At first I worked around that problem, by refreshing all feed imports every 10 minutes. But once again, that put a lot of pressure on the server. As you can deal with any problem either by working around it, or by addressing the cause of it, it was time to look for the source of the problem. In the process of doing so, distinguish well between what is “a cause” and what is “a symptom”. Often we try to solve the latter, while we should address the former. Think about that. That is deeeeep!
So the symptom I saw was the feeds timing out. As I know the Yahoo Pipes’ feeds often take very long to refresh, even interactively, I had to patch FeedWordPress with a timeout of 60 seconds to deal with the Yahoo Pipes’ lack of speed. Cool. But that caused a dreaded SQL error “My SQL server has gone away” to appear more frequently in my CRON log files. Beh.
To make a long story short, the solution was to also change the PHP parameter “wait_timeout” from the default of “30″ seconds to “240″. Changed that in /etc/my.cnf and restarted SQL server. Problem solved.
As this solved the timeout when reading RSS feeds, I could also decrease the frequency of the FeedWordPress CRON jobs. And that once again made my server very happy. I like happy servers…!
9. Server tuning
Depending on what exactly you do on your blogs, for large and heavy traffic blogs like the seven I had just migrated, the SQL server might need tuning. This is not for the faint-of-heart, and requires patience and caution. With one wrong setting, you can cause more damage than good.
The first indication that my SQL parameters might need tuning, was simply the fact that SQL took up so much CPU time on my server. phpMyAdmin, a routine available to about every selfhosted server, has a neat feature called “Status”, which gave me an overview of the parameters which might need changing. But I was not sure. So I installed mySQLTuner: using SSH, I logged into my server’s root. With just three commands, I got a better overview of the parameters I needed in three commands:
wget mysqltuner.plchmod 775 mysqltuner.pl
I changed one parameter at the time, and waited for 12-24 hours to see its effect.
It seems the two most important parameters to tune are “key_buffer_size” and “table_cache”. It was advised to tune these first before touching the others. Which I did. “key_buffer_size” was ok on its default value of 48M, but “table_cache” needed 4,096 instead of the default 1,024.
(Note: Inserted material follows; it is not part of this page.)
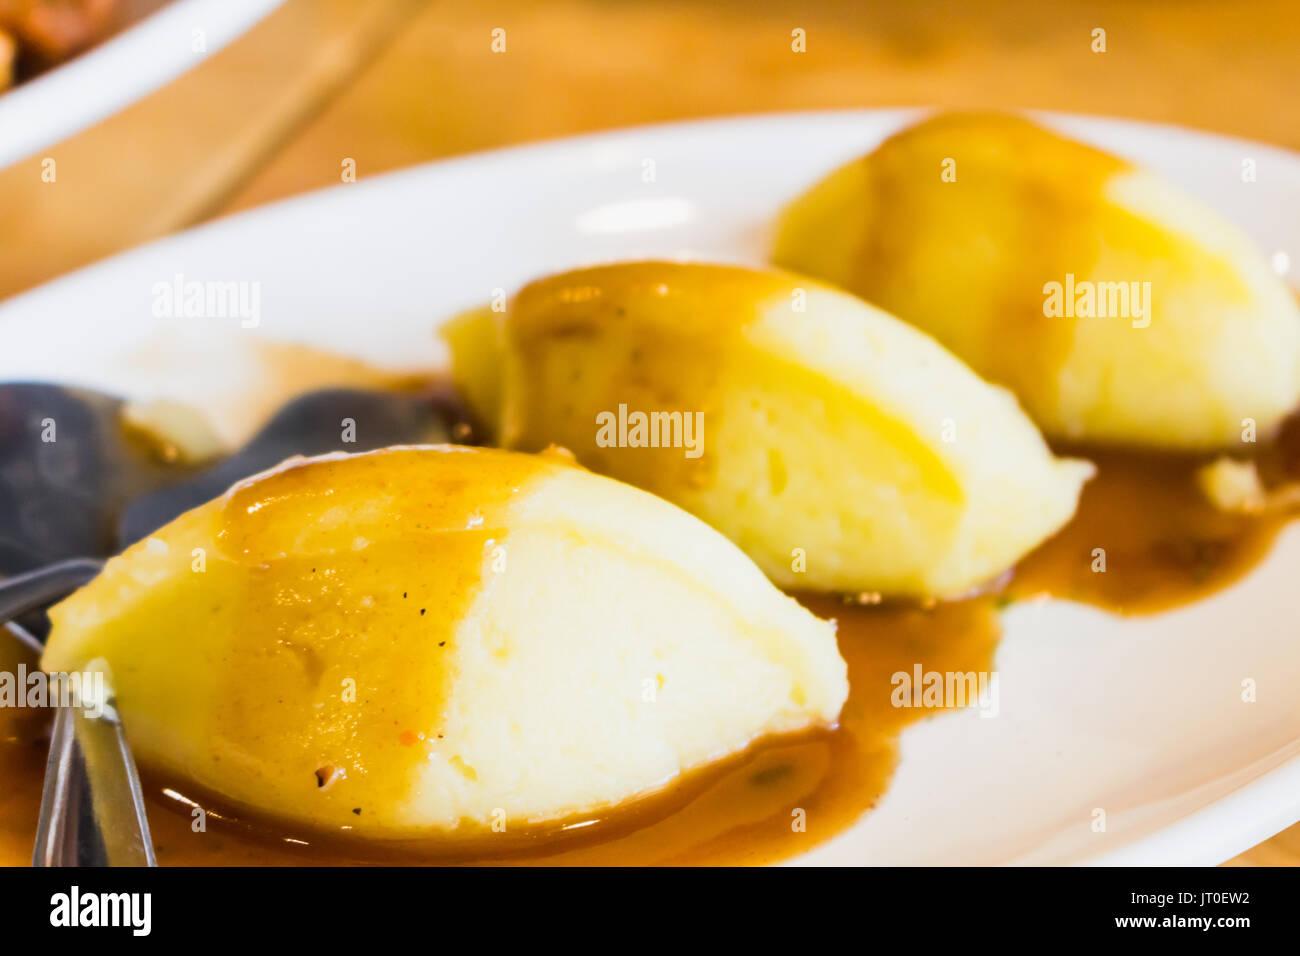 mash potato on mini dish ready to eat - Stock Image

The rest of the parameters I changed over time:
tmp_table_size: from 32M to 64M
max_heap_table_size: from 32M to 64M
sort_buffer_size: from 1M to 4M
While I am still observing the server and tuning bits and pieces, it looked by now that, ladies and gentlemen, we have a happy server, purring like a happy cat. Sure enough I still get peak loads, with “load average” of 3-4, most of the time it stays at “1″ or below. And that is good. I like happy servers.
10. Template tuning
I customized the CSS and some of the functions. I sinned heavily by patching the original template, rather than using a child theme, but that is just because I made so many changes. On top of that, for my main blogs, “speed” is important, I did not want every page refresh to read several CSS files. So patching, it was. I will live with the fact that I can not upgrade the template automatically later on, but hey, I learned that upgrading templates is always a pain, and often causes more problems than it is worth. So I avoid theme upgrades like the pest. My opinion, punto.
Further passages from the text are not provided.